# Miniature Nuclear Reactor Could Power Mars & Moon Colonies



## Runvardh (May 17, 2011)

I had put this into the ISTP section at one point, but thought it may make an interesting addition here.

Miniature Nuclear Reactor Could Power Mars & Moon Colonies | Manned Mission to Mars | Space Colonies | Space.com


----------



## General Lee (Oct 22, 2010)

One step closer.


----------



## absentminded (Dec 3, 2010)

Another reason I want to be a nuclear engineer.

I'm excited. :happy:


----------



## Runvardh (May 17, 2011)

Imagine being able to load them like batteries into a car.


----------



## General Lee (Oct 22, 2010)

Runvardh said:


> Imagine being able to load them like batteries into a car.


I would like to see how safe they would be first. Don't won't a mini nuclear meltdown during the rush hour.


----------



## Runvardh (May 17, 2011)

General Lee said:


> I would like to see how safe they would be first. Don't won't a mini nuclear meltdown during the rush hour.


Apparently it's small enough that it would loose heat pretty fast due to such a small core.


----------



## General Lee (Oct 22, 2010)

Runvardh said:


> Apparently it's small enough that it would loose heat pretty fast due to such a small core.


Reasonable.


----------



## MachinegunDojo (Dec 27, 2009)

http://www.ne.doe.gov/pdfFiles/FissionSurfacePowerSystem.pdf

The above may be a good read, I'm giving a good look over right now to see how it works exactly. So far it certainly doesn't seem to be something very portable just small enough to easily bring with you to setup once you are there. So you're not having one of these in your EV soon


----------



## RobynC (Jun 10, 2011)

I'd like to see manned space missions.


----------



## absent air (Dec 7, 2010)

Imagine starting a company that builds mini nuclear facilities, damn that would be an awesome adventure!


----------



## dalsgaard (Aug 14, 2010)

It probably won't be fission. We'll have fusion reactors before this shit becomes relevant, and there is plenty of He-3 deposits on the moon. Humans haven't moved their collective asses one iota since the moon-landing. By the time we finally get our act back together we'll be well into the next century.


----------



## Runvardh (May 17, 2011)

dalsgaard said:


> It probably won't be fission. We'll have fusion reactors before this shit becomes relevant, and there is plenty of He-3 deposits on the moon. Humans haven't moved their collective asses one iota since the moon-landing. By the time we finally get our act back together we'll be well into the next century.

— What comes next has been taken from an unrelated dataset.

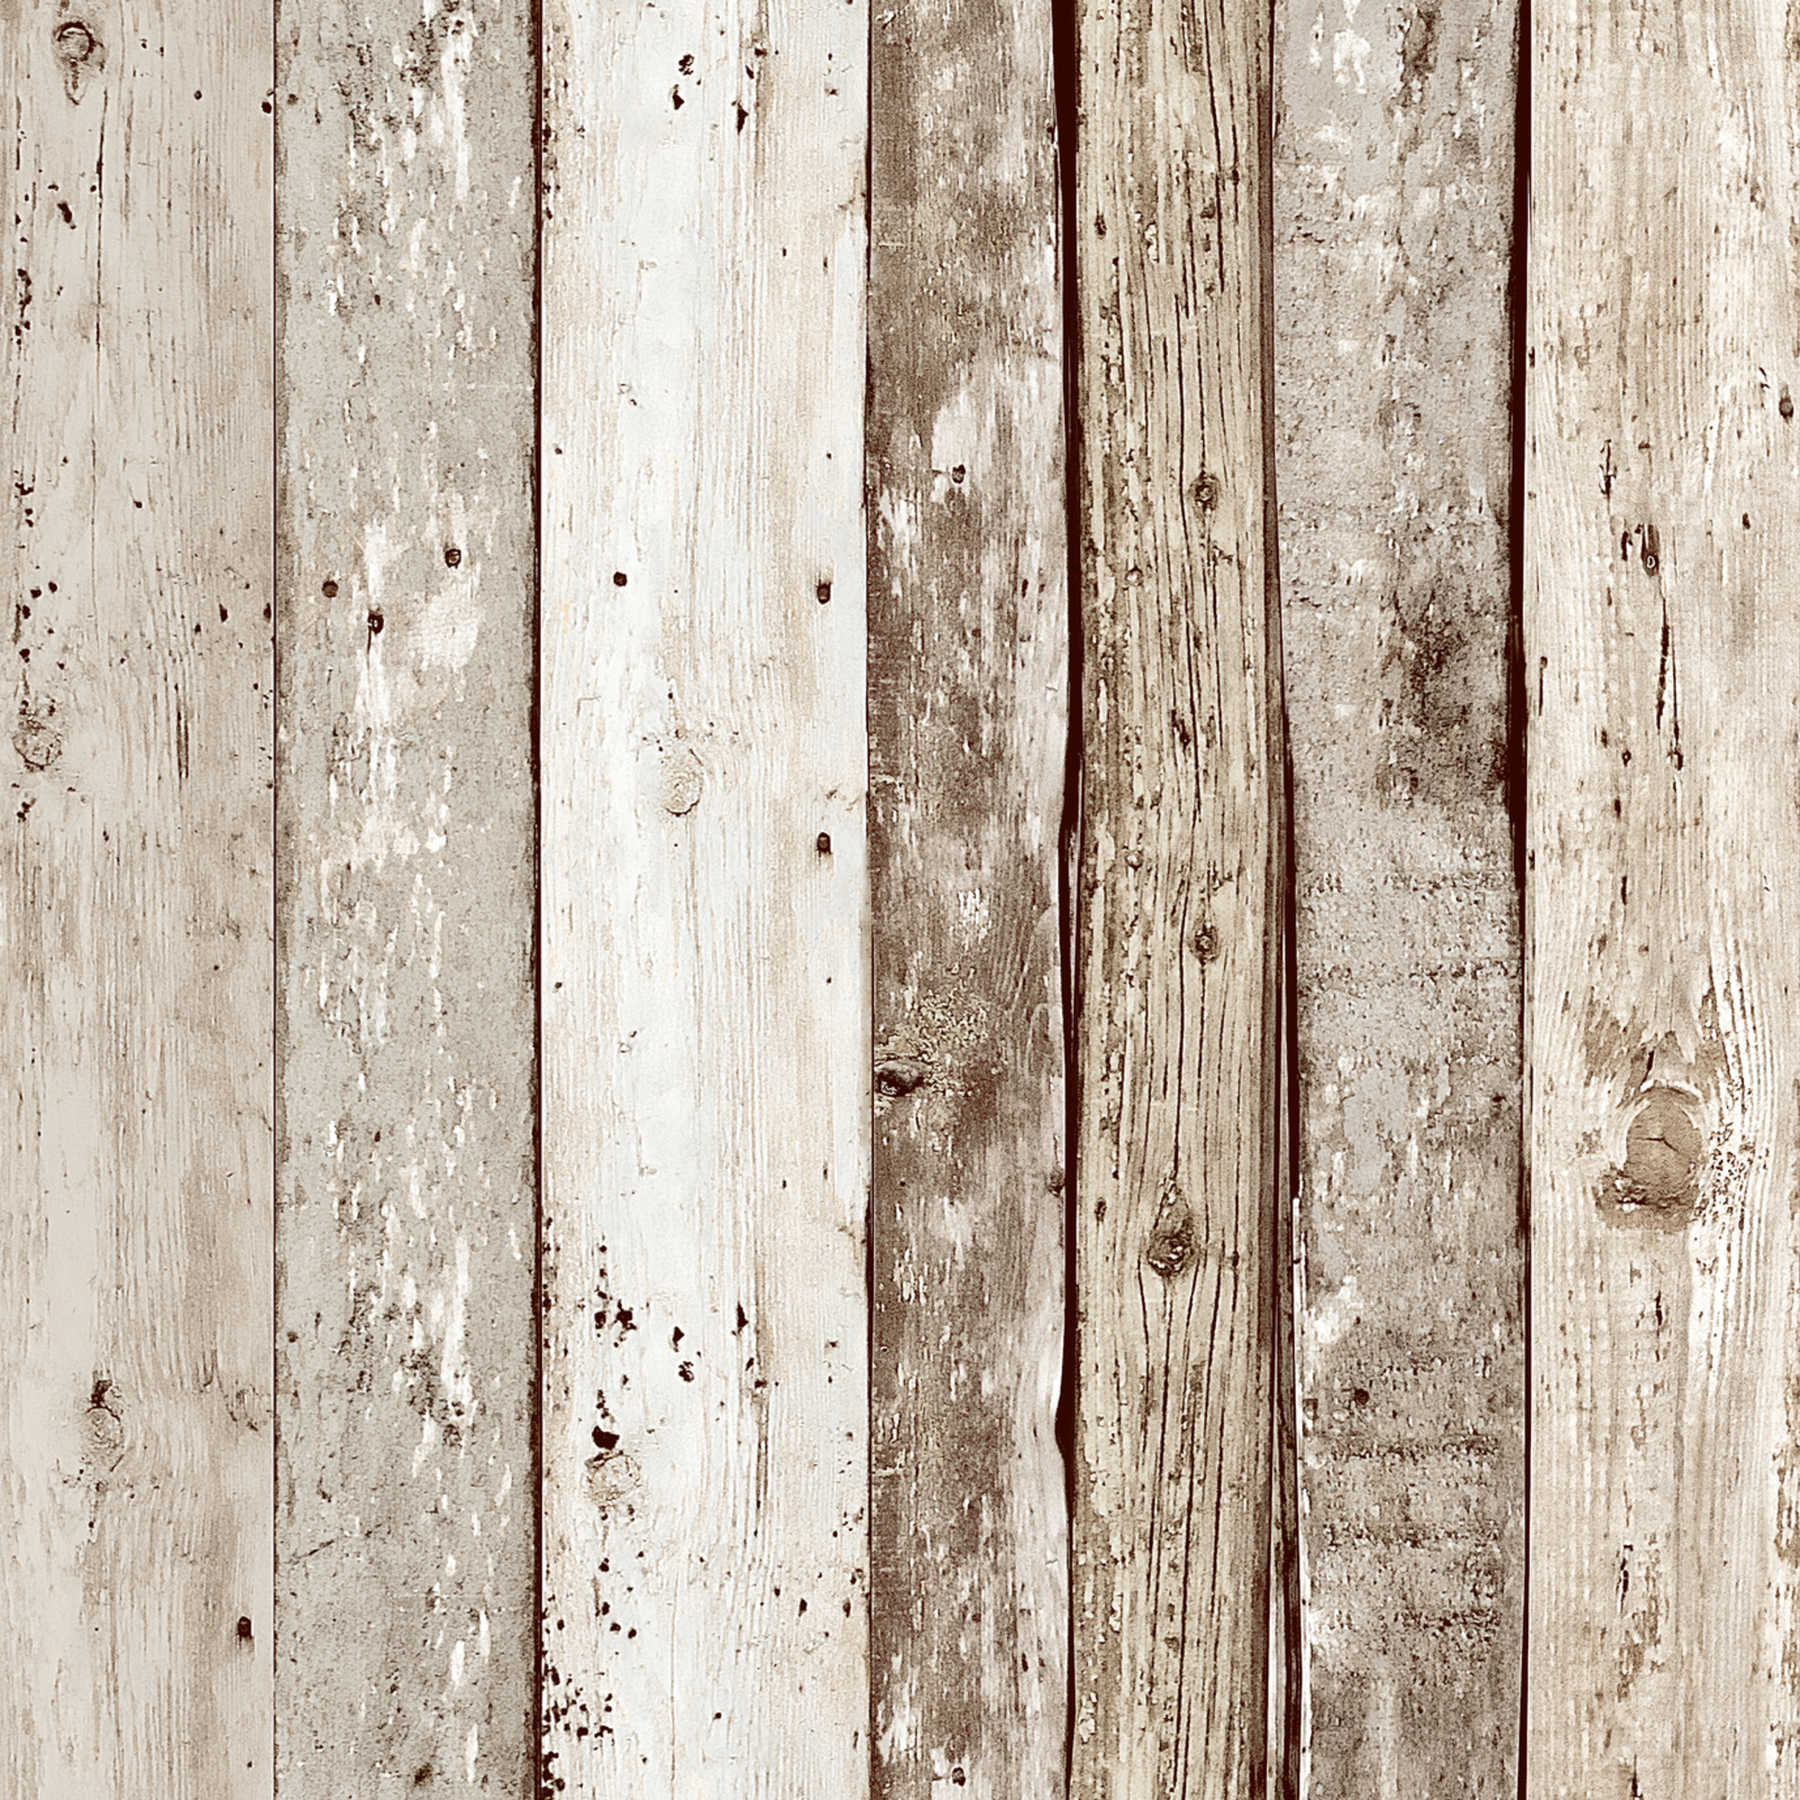             Papel pintado de estilo rústico con aspecto de madera vintage - marrón

Na, China should be on the Moon in the next 3-4 decades.


----------



## absentminded (Dec 3, 2010)

dalsgaard said:


> We'll have fusion reactors before this shit becomes relevant, and there is plenty of He-3 deposits on the moon.


You're assuming a break-through that may never happen.

Fusion is _incredibly_ hard and some of the most efficient methods are at around 25-50% efficiency. Couple that with the fact that people don't exactly give fusion research tons of funding or credibility, and you don't exactly have a high probability of anything happening any time soon.


----------



## dalsgaard (Aug 14, 2010)

absentminded said:


> You're assuming a break-through that may never happen.
> 
> Fusion is _incredibly_ hard and some of the most efficient methods are at around 25-50% efficiency.


You do realize that this is a really high efficiency rate, right? A lot of fossil fuel plants don't have an efficiency higher than around 30%.



> Couple that with the fact that people don't exactly give fusion research tons of funding or credibility, and you don't exactly have a high probability of anything happening any time soon.


One of the major problems surrounding fusion is that the materials within the reactor tend to degrade over time, because the lithium blankets inside the reaction vessel degrade due to neutron radiation. However, He-3 doesn't produce neutrons when it reacts with itself, which defeats a lot of the problems relating to fusion reactors. It would be a feasible material for fusion, but it is a very rare isotope. _On earth_, that is. On the moon it's far more prominent.


----------



## absentminded (Dec 3, 2010)

dalsgaard said:


> You do realize that this is a really high efficiency rate, right? A lot of fossil fuel plants don't have an efficiency higher than around 30%.


Sorry, I should have clarified. When one talks about efficiency in nuclear fusion, one generally means the amount of energy you get out divided by the amount of energy necessary to create the conditions for fusion to take place. It currently takes two to four times as much energy to initiate fusion as we get out of it.



> One of the major problems surrounding fusion is that the materials within the reactor tend to degrade over time, because the lithium blankets inside the reaction vessel degrade due to neutron radiation. However, He-3 doesn't produce neutrons when it reacts with itself, which defeats a lot of the problems relating to fusion reactors. It would be a feasible material for fusion, but it is a very rare isotope. _On earth_, that is. On the moon it's far more prominent.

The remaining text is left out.